8.5.1 Quality of Service

QoS is determining, setting, and acting on priority levels for traffic flows. QoS is usually associated with IP but is used here to define a class of mechanisms that are used at multiple layers in the network to provision and apply priority levels. This class includes IP QoS (including multiprotocol label switching [MPLS]), type of service (ToS), ATM class of service (CoS), and frame relay committed information rate (CIR). In this section, we will focus on IP QoS.

For IP-based traffic, there are two standard types of QoS: differentiated services (DiffServ, or DS) and integrated services (IntServ, or IS), intended to support two views of network service. DiffServ approaches QoS from the perspective of aggregating traffic flows on a per-hop basis based on traffic behavior, and IntServ approaches QoS from the perspective of supporting traffic flows on an individual end-to-end basis.

In DiffServ, IP packets are marked in the ToS byte for IPv4 or in the traffic class byte in IPv6 so that they will receive the corresponding performance at each network device (or hop). DiffServ defines a set of values (termed differentiated services code points [DSCPs]) for classes of traffic flows to be used by resource control mechanisms. An important concept of DiffServ is that it applies to aggregates of traffic flows (e.g., composite flows), not individual traffic flows.

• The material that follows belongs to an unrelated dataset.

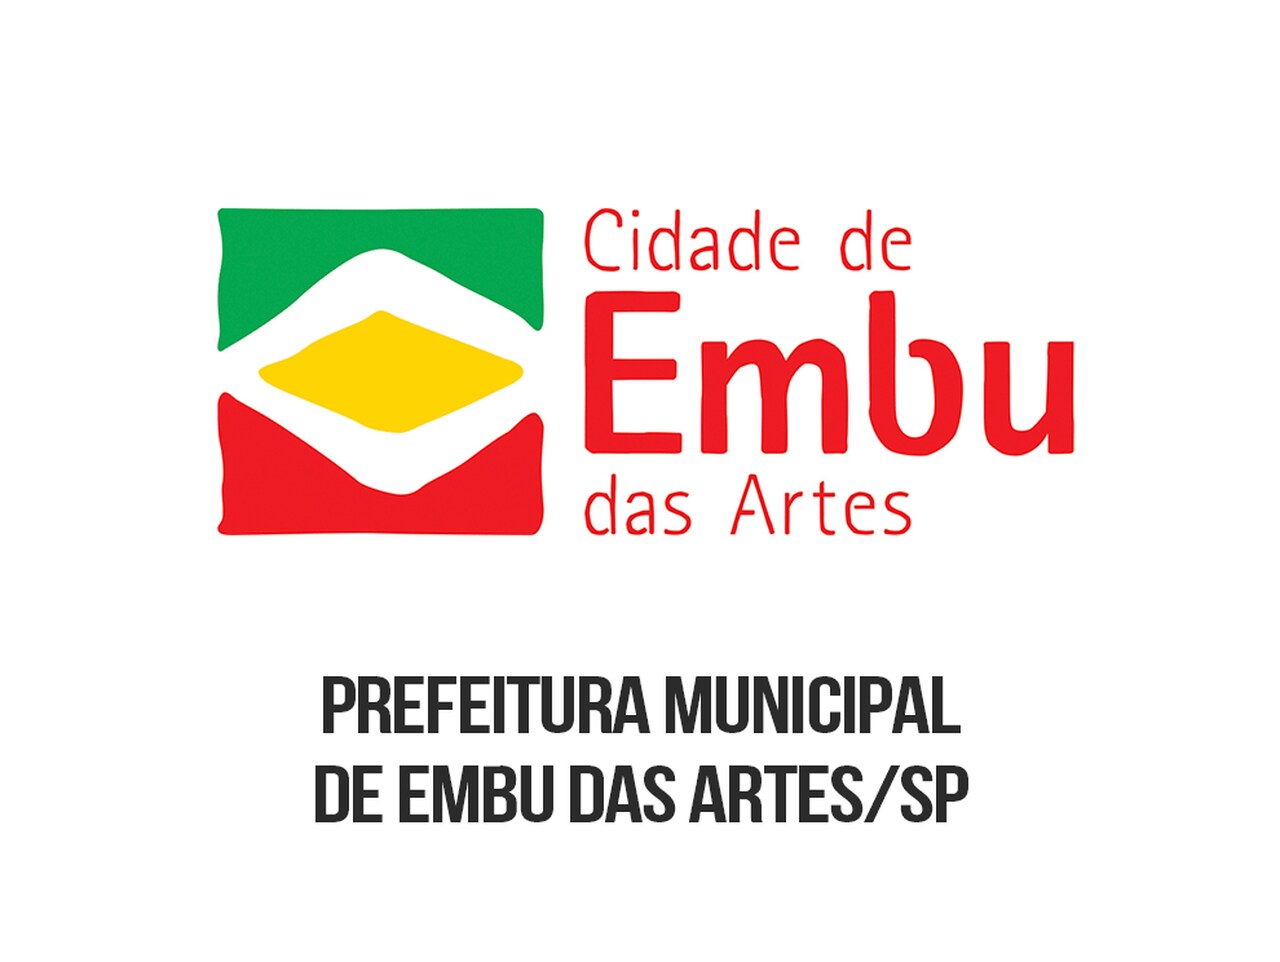 Logotipo da Prefeitura de Embu das Artes em verde, amarelo e vermelho

The main reason for this is for scalability (particularly across the Internet, but could also be applied in a large enterprise environment). If in a network architecture and design all flows requiring priority service were treated individually, one trade-off in the network is the amounts of resources (e.g., memory in network devices) required to store and maintain state information for each individual flow across the network. This resource requirement grows geometrically with the network and therefore does not scale well. By aggregating flows into traffic classes, storing and maintaining state information becomes more tenable. State information, or state, is information about the configuration and status of flows or connections. Examples include addresses (IP or MAC-layer), time (duration of flow/connection, idle time), and temporal characteristics (data rates, packet losses). A detailed discussion of state information can be found in Chapter 10.

There are three traffic classes for DiffServ: best effort, assured forwarding (AF), and expedited forwarding (EF). AF and EF are the preferred traffic classes and are based on the types of performance they require. EF is usually targeted toward traffic that has delay requirements (e.g., real-time or interactive), whereas AF can be used for traffic with both delay and capacity requirements (e.g., multimedia or tele*services).

There are times, however, when a traffic flow needs to be treated individually. IntServ defines values and mechanisms for allocating resources to flows across the end-to-end path of the flow. IntServ is closely tied to the flow nature of a network by placing importance on supporting a flow at every network device in the end-to-end path of that flow. Recall from our discussion of flow analysis that end-to-end paths are defined by you and will vary depending on what you are trying to accomplish. In defining where end-to-end applies for particular flows (e.g., flows with guaranteed requirements), you are determining where mechanisms such as IntServ could be applied.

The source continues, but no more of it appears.